## Problem description:
Below are the records. State how many of their lines hold the word "Stockfoto", and add nothing else.

(Stored data)
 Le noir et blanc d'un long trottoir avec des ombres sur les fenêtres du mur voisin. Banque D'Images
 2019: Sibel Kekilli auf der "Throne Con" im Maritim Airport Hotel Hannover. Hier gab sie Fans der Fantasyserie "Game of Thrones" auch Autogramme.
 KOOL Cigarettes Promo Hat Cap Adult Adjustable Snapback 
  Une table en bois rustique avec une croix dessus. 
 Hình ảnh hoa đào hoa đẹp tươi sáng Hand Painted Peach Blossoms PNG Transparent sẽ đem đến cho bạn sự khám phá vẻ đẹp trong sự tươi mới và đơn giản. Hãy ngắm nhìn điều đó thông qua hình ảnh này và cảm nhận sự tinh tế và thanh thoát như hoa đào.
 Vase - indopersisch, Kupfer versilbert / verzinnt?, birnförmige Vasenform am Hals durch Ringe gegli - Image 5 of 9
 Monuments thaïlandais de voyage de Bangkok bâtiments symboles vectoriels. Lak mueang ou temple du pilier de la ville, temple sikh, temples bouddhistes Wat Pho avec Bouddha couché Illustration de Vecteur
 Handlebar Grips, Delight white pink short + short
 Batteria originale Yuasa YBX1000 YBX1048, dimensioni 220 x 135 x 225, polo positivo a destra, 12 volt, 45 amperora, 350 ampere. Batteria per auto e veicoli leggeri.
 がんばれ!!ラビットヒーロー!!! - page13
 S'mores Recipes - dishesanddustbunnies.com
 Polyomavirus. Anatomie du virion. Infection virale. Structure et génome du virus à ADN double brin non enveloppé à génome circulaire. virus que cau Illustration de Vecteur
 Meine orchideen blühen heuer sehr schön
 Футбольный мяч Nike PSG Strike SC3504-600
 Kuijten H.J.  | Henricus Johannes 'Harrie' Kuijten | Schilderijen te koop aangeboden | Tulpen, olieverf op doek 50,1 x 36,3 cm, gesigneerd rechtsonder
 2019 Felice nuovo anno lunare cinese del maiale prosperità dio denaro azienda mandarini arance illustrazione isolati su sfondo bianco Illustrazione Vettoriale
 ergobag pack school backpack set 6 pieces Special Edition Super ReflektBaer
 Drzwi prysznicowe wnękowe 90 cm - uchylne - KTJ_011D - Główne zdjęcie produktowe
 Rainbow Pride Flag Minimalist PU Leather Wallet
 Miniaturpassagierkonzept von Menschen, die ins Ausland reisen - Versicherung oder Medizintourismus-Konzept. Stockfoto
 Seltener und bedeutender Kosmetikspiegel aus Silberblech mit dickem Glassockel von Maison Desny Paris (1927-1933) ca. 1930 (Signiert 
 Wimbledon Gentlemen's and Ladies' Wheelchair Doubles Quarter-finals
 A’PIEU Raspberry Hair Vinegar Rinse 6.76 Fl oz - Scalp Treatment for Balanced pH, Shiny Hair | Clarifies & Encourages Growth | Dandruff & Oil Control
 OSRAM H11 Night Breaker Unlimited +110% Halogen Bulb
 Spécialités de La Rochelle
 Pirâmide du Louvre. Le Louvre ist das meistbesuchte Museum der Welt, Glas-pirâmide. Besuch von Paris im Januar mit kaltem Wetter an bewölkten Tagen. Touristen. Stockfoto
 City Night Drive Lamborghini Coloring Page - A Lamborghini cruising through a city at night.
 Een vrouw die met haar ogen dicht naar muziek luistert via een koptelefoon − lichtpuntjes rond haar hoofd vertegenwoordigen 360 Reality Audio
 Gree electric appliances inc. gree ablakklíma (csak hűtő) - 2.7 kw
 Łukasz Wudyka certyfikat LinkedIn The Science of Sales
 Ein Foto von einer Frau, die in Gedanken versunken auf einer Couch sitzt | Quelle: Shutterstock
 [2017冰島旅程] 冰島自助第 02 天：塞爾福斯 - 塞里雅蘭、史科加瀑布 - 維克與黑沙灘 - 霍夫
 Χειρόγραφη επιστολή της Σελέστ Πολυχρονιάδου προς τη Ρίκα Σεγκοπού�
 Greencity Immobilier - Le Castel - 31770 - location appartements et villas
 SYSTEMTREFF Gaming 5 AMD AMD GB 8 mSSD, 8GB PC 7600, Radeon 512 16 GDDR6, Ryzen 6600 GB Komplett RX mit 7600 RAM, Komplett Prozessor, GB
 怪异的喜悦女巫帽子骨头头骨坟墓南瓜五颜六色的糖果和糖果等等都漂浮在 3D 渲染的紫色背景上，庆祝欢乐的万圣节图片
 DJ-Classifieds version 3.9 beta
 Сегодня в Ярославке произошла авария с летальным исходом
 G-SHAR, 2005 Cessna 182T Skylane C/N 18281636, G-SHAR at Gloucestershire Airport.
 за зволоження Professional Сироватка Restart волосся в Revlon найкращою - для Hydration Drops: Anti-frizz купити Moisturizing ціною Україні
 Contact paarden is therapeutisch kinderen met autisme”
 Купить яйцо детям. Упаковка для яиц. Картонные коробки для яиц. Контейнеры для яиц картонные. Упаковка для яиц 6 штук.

## Solution to this exercise:
2